ASSIGNMENT
Any picture in the material should be left out, while all other lines are copied exactly.
(DATA EXTRACT begins)
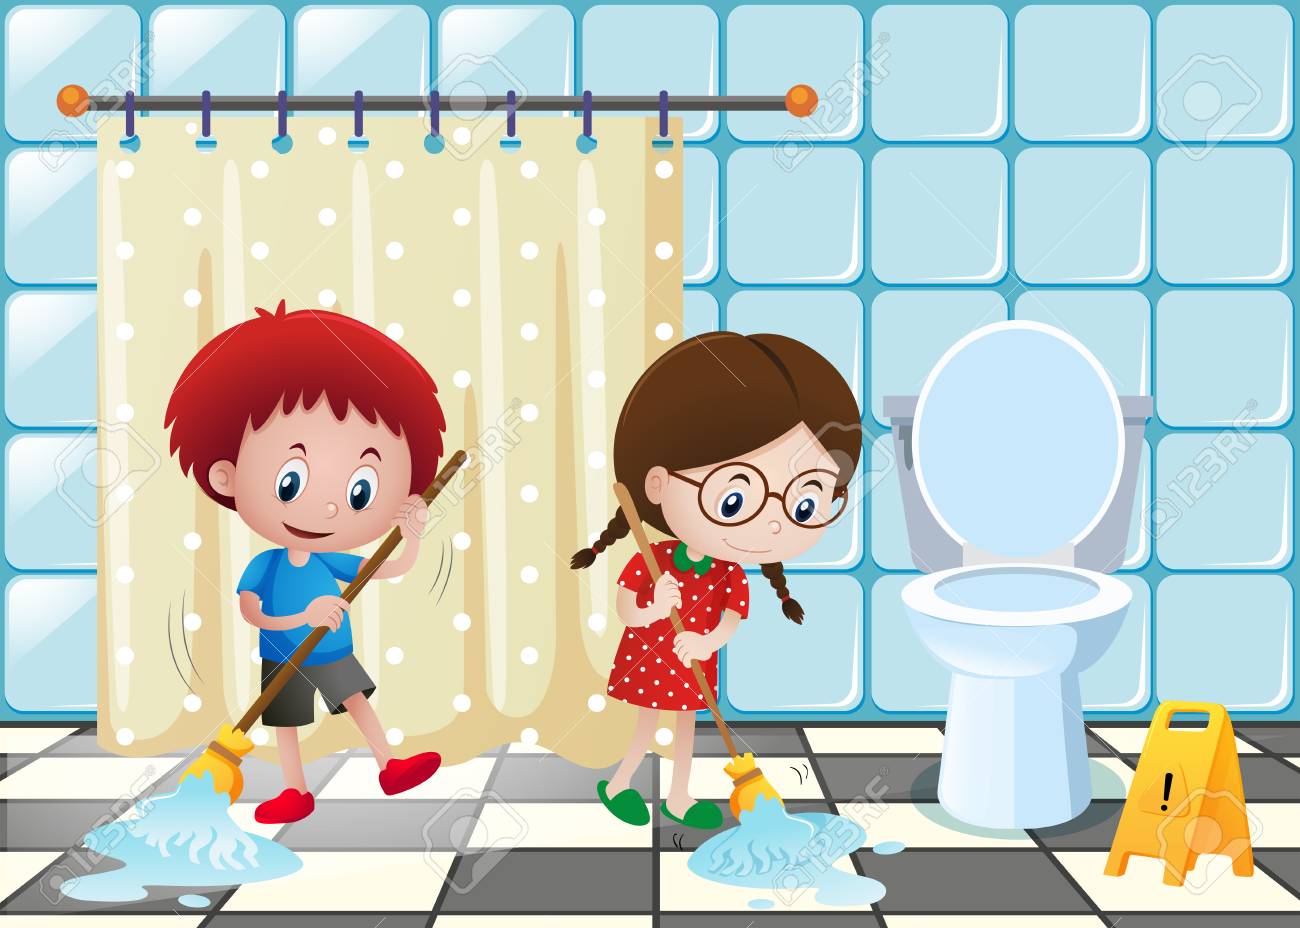 Boy and girl cleaning the bathroom illustration.
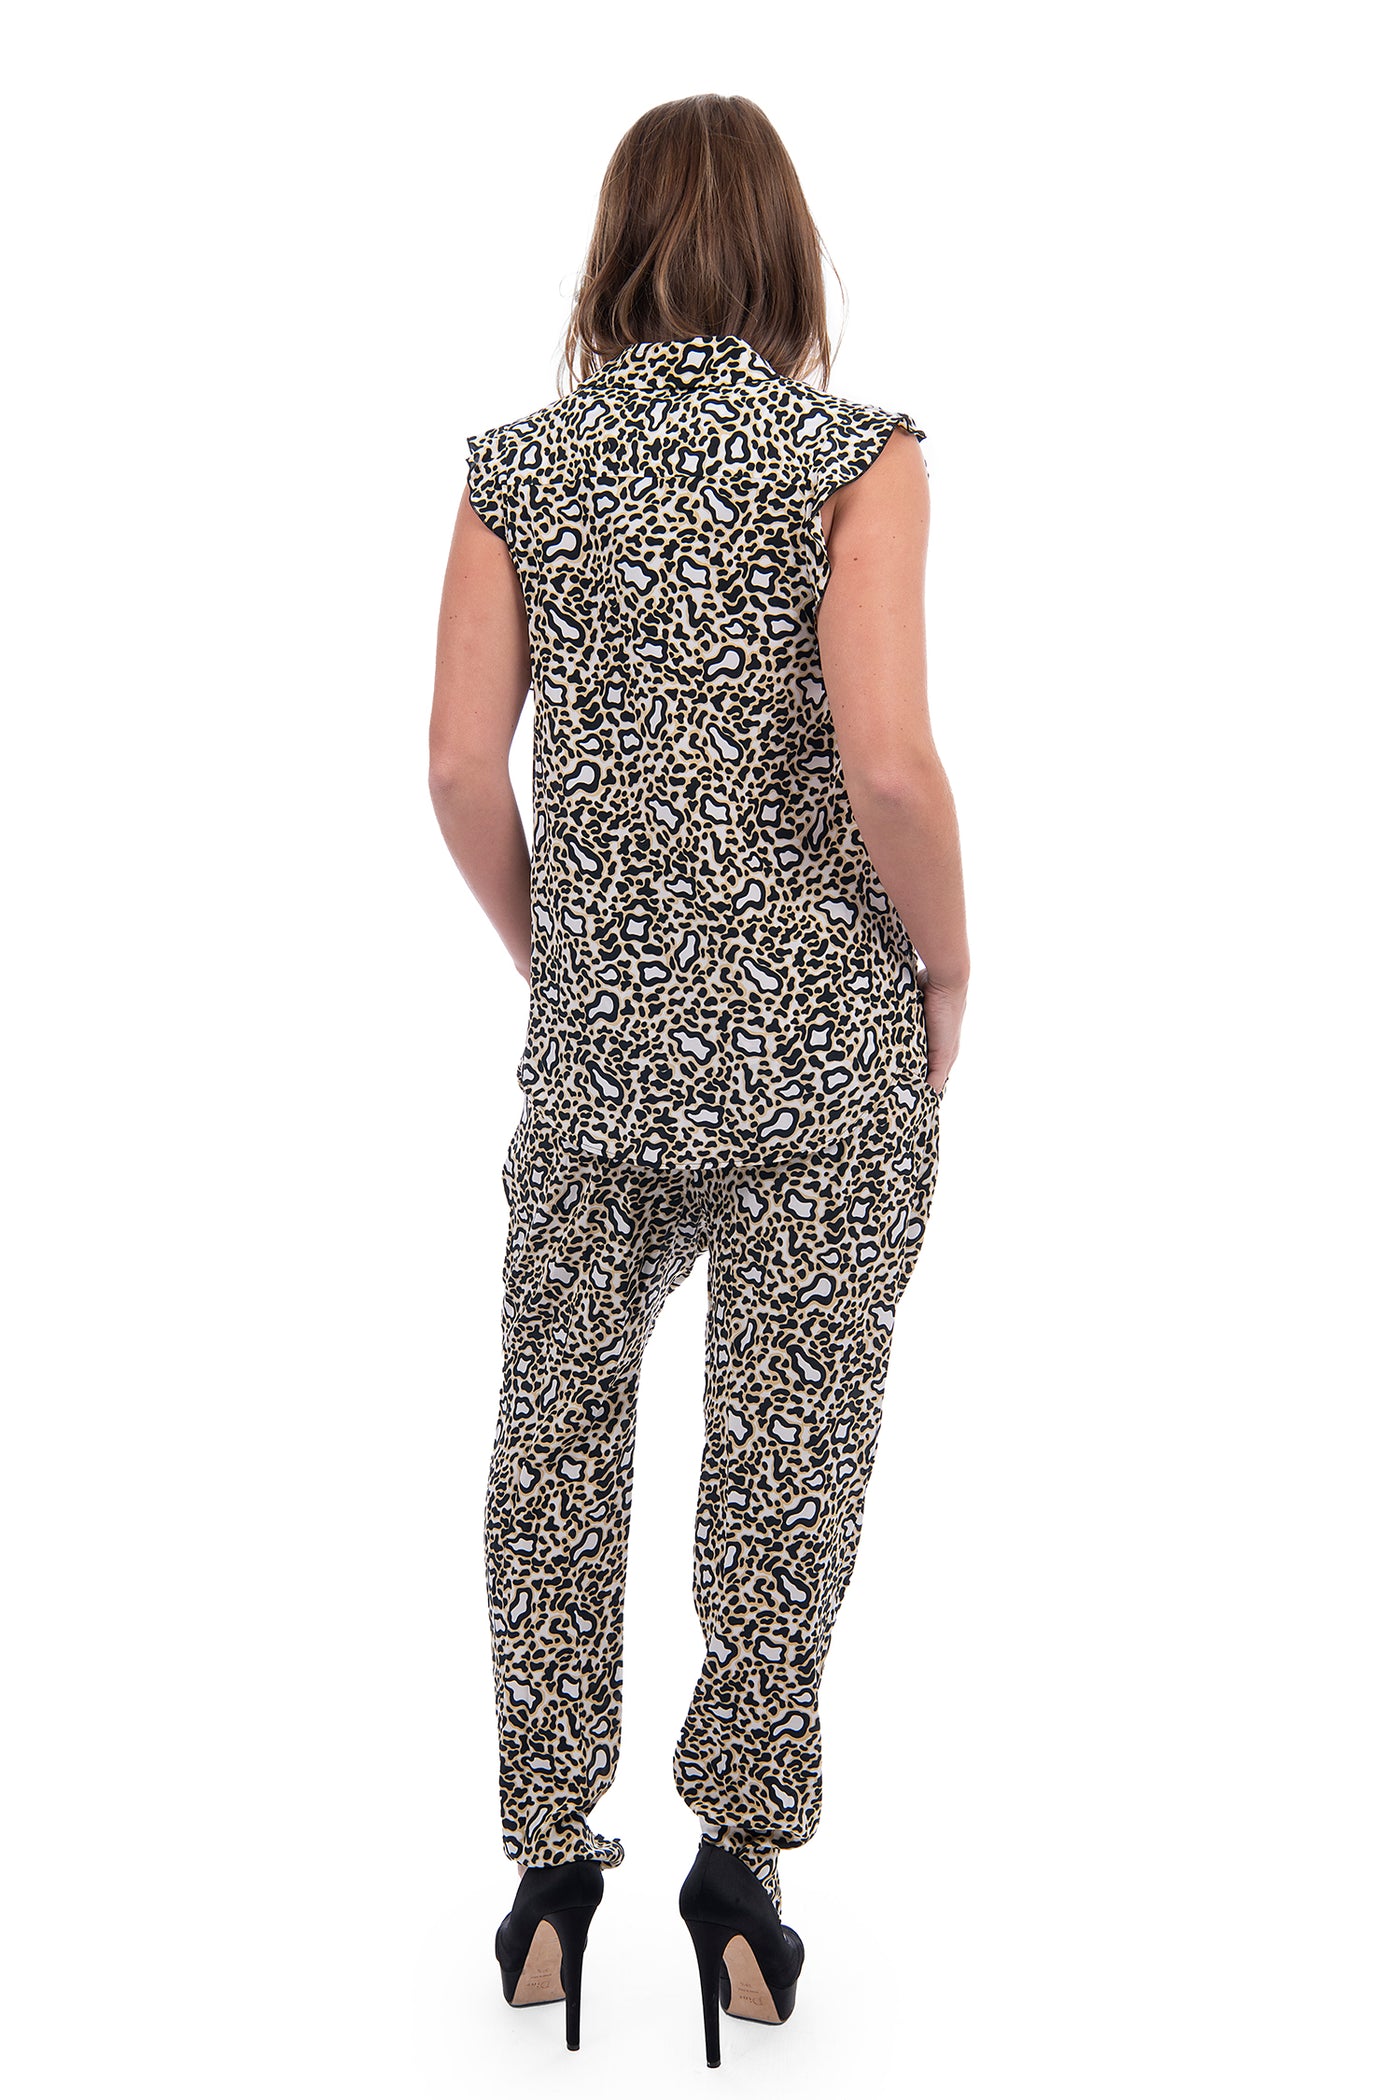 Stella Mccartney leopard print blouse and trousers
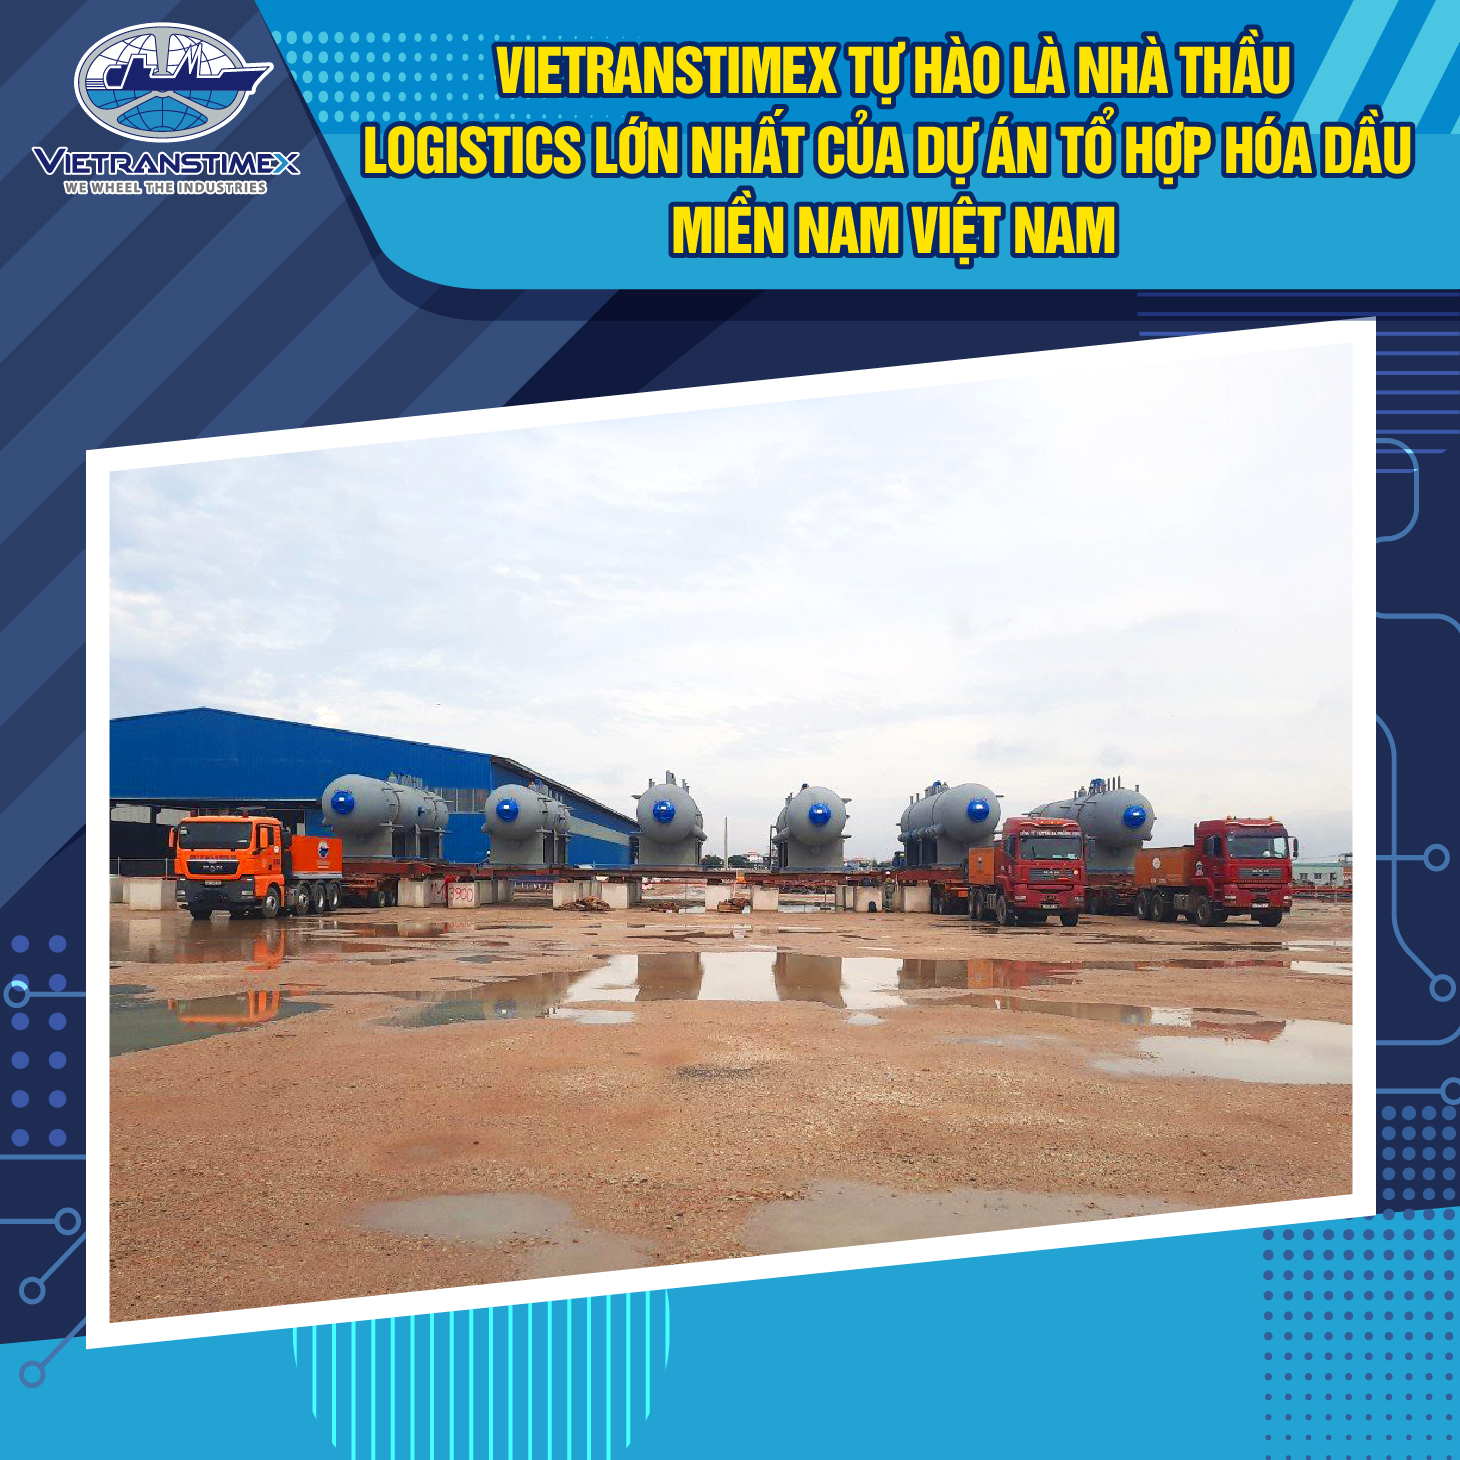 Vietranstimex Is Proud To Be The Biggest Logistics Contractor Of The Petrochemical Complex In The South Of Vietnam Project
(DATA EXTRACT ends)
ANSWER TO THIS PROBLEM
 Boy and girl cleaning the bathroom illustration.
 Stella Mccartney leopard print blouse and trousers
 Vietranstimex Is Proud To Be The Biggest Logistics Contractor Of The Petrochemical Complex In The South Of Vietnam Project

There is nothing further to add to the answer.